Przez myśl mi nawet nie przeszło, że już tak szybko, z początkiem drugiego roku IV Rzeczpospolitej  powrót do I Rzeczpospolitej Polskiej Ludowej stał się realny i obowiązkowy. Spadł mi kamień z serca i to zupełnie przypadkowo, gdy mój znajomy pokazał mi w internecie oszałamiającego newsa.


Stało się to, na co liczyłem od dawna, choć pewności nie miałem. Mój optymizm co do możliwości szybkiego osiągnięcia „dobrej zmiany” ostygł nieco  z chwilą, kiedy pojawiła się na ulicach falanga bezczelnie nazywająca siebie KOD, a przecież z obroną prawdziwej demokracji, to oni mają tyle wspólnego, co kot napłakał. Zachwiało to na jakiś czas moją nadzieją na powrót dobrych czasów PRL-u, ale nie ma złego co by na dobre nie wyszło.
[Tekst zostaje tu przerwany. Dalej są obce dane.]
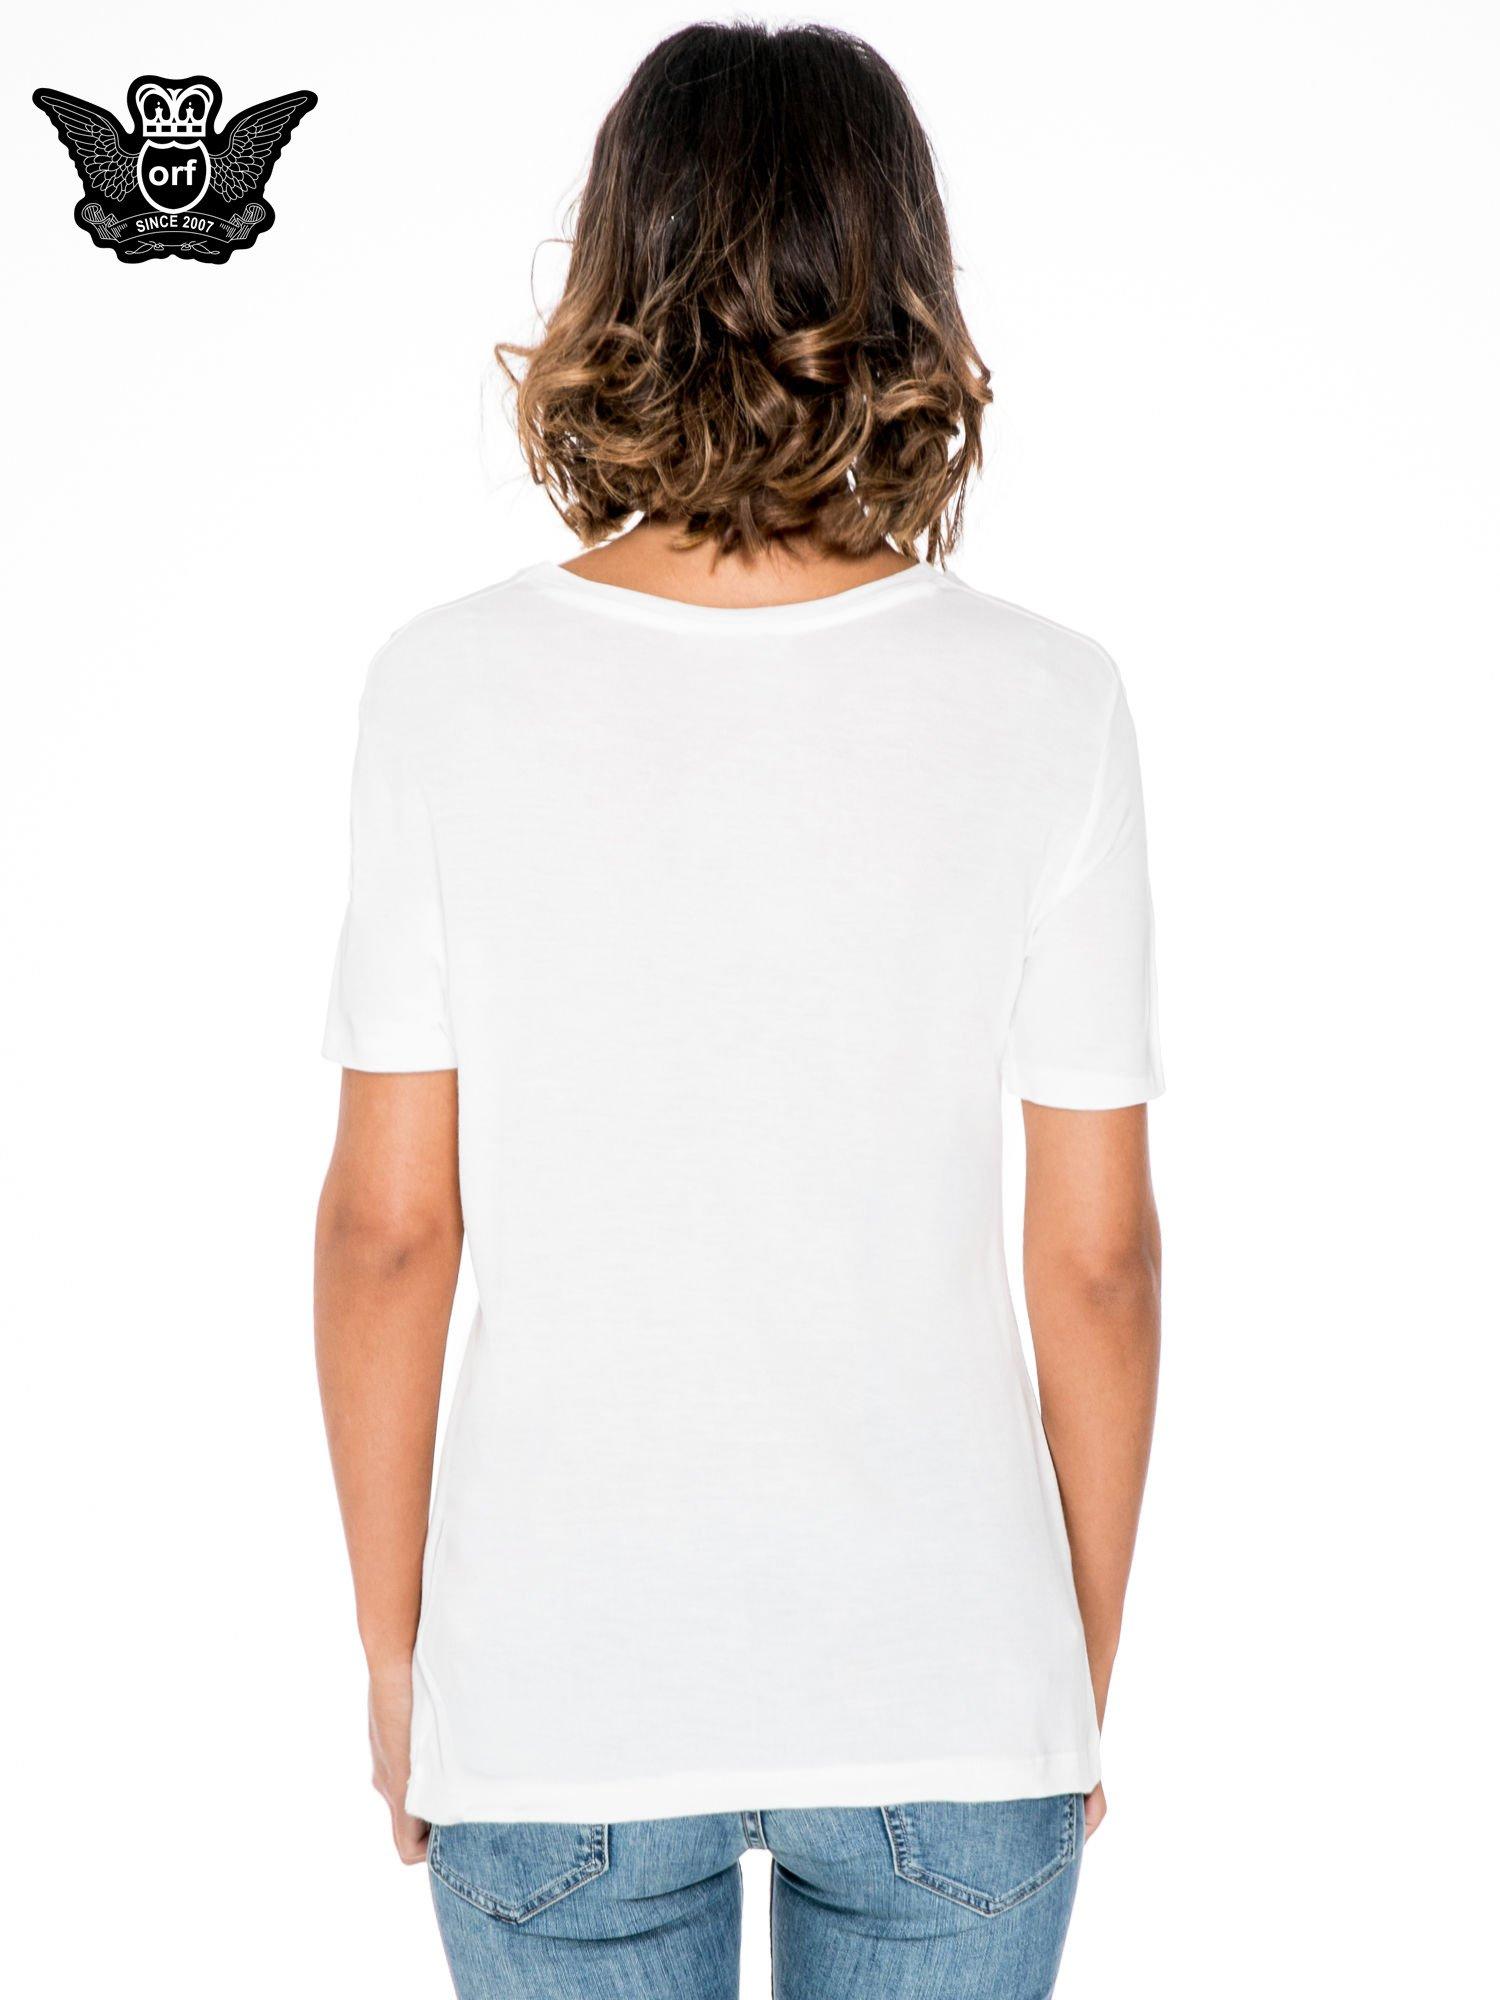 Biały t-shirt z napisem WARRIORS ROLLER SKATERS                                  zdj.                                  4

Moi towarzysze z PRL-u, dziś przebrani w  dostojne bogoojczyźniane stroiki PiS-u, wśród których znaczną rolę odgrywają byli aktywiści PZPR, okazuje się - zwarli szeregi. Nie straszne im pomachiwania szabelką mas słusznie zaliczonych do „drugiego sortu”. Niech ci KOD-owcy od siedmiu boleści mają świadomość, że nie mogą dziś w patriotycznych manifestacjach nowej władzy PiS, zajmować miejsca nawet tam gdzie stało ZOMO. 

Von z ulic miast. Wasze miejsce w ogołoconych z drzew przez naszego ministra rewirach Puszczy Białowieskiej albo na piaskach Pustyni Błędowskiej. Na co możecie liczyć podlizywacze Zachodnich tyłków, tzw. KOD-owcy? Myślicie, że obroni Was Unia Europejska. Uśmiać się można. Komisję Wenecką już od dawna mamy w d. (nie mylić z demokracją ). A dni waszej boskiej Angeli Merkel są już dawno policzone, tak samo jak Kaczora Donalda, który nie po to nauczył się angielskiego, by wracać do kraju, w którym już wkrótce obce języki będą zakazane. Ale wracam do meritum.


Dziś najważniejszym komunikatem ( jeszcze ważniejszym niż ten z 13 grudnia pamiętnego roku budzący wówczas nadzieje na ratunek Polski) jest odnotowana w wolnej prasie na pierwszej stronie  pełna optymizmu i nadziei  informacja.

Dla potwierdzenia pełnej wiarygodności kopiuję ją w całej swej okazałości:



Serce się raduje, zapachniało dobrymi czasami "Trybuny Ludu" i "Trybuny RobotniczeJ". Czekaliśmy na ten Zjazd jak na zbawienie. I mamy program dynamicznego rozwoju. I mamy wodza, Tow. I Sekretarza i jego Biuro, najwybitniesza córka i synowie naszego narodu, Członkowie KC PiS. To brzmi dumnie !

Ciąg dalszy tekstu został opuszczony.